BEGIN
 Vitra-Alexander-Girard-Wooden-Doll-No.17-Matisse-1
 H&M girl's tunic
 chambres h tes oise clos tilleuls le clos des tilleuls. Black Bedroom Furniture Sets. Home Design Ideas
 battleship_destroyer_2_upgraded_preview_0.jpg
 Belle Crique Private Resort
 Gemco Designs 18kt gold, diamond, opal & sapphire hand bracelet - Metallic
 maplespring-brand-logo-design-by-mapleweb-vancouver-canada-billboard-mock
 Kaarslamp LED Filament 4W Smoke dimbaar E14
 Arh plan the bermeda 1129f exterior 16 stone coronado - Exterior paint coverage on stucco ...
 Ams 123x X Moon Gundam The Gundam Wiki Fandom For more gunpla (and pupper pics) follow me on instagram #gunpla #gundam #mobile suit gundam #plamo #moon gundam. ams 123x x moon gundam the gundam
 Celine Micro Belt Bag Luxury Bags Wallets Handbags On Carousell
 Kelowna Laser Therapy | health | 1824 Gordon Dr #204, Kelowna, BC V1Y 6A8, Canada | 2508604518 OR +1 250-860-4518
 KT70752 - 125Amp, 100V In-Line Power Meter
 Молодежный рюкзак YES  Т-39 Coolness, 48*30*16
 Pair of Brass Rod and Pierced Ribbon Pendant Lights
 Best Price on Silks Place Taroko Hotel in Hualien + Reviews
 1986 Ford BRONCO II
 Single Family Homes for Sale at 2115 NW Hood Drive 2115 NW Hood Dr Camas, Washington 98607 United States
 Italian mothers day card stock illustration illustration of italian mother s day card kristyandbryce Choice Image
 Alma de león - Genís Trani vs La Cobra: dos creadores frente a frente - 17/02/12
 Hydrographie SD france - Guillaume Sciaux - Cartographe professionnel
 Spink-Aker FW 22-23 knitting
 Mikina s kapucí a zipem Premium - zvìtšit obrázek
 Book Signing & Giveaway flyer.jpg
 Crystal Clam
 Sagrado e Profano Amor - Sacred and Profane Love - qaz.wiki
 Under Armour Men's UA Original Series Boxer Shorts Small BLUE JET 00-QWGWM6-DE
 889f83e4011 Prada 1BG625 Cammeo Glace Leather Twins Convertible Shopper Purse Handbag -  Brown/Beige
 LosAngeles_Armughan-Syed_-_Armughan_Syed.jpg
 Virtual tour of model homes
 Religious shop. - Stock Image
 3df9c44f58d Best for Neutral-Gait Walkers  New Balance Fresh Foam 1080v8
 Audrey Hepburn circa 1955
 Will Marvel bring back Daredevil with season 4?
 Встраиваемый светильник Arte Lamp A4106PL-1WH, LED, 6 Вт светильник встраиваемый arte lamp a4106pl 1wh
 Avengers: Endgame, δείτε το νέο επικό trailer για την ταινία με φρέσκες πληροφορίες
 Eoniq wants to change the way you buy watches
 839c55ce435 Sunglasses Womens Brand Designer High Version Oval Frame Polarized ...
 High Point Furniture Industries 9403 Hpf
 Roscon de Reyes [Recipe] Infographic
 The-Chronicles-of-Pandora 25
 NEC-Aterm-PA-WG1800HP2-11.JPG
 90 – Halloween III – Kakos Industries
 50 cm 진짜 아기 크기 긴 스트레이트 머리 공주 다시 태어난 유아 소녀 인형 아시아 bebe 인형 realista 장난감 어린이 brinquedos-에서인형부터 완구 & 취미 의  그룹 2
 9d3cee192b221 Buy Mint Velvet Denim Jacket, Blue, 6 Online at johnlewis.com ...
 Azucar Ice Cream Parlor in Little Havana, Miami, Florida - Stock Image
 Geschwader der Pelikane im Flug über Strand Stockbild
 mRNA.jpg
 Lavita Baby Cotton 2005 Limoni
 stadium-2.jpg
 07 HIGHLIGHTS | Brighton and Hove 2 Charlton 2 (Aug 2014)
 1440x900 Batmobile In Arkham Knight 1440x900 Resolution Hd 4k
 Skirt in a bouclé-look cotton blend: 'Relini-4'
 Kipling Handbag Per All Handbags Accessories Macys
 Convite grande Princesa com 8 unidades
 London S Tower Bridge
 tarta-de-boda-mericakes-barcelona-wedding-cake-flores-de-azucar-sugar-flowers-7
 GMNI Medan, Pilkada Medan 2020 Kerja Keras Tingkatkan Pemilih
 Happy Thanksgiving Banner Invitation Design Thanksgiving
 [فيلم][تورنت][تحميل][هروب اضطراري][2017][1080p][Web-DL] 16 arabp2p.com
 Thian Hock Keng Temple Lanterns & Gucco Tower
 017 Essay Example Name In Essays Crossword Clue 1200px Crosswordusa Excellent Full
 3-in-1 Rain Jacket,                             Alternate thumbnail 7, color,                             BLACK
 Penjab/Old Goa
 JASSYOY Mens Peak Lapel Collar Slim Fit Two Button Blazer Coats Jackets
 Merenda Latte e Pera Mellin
END
▶ [What is required]: For the word "Handbags", say how many lines of the records above contain it. Reply with the number alone.

▶ [Answer to the problem]: 2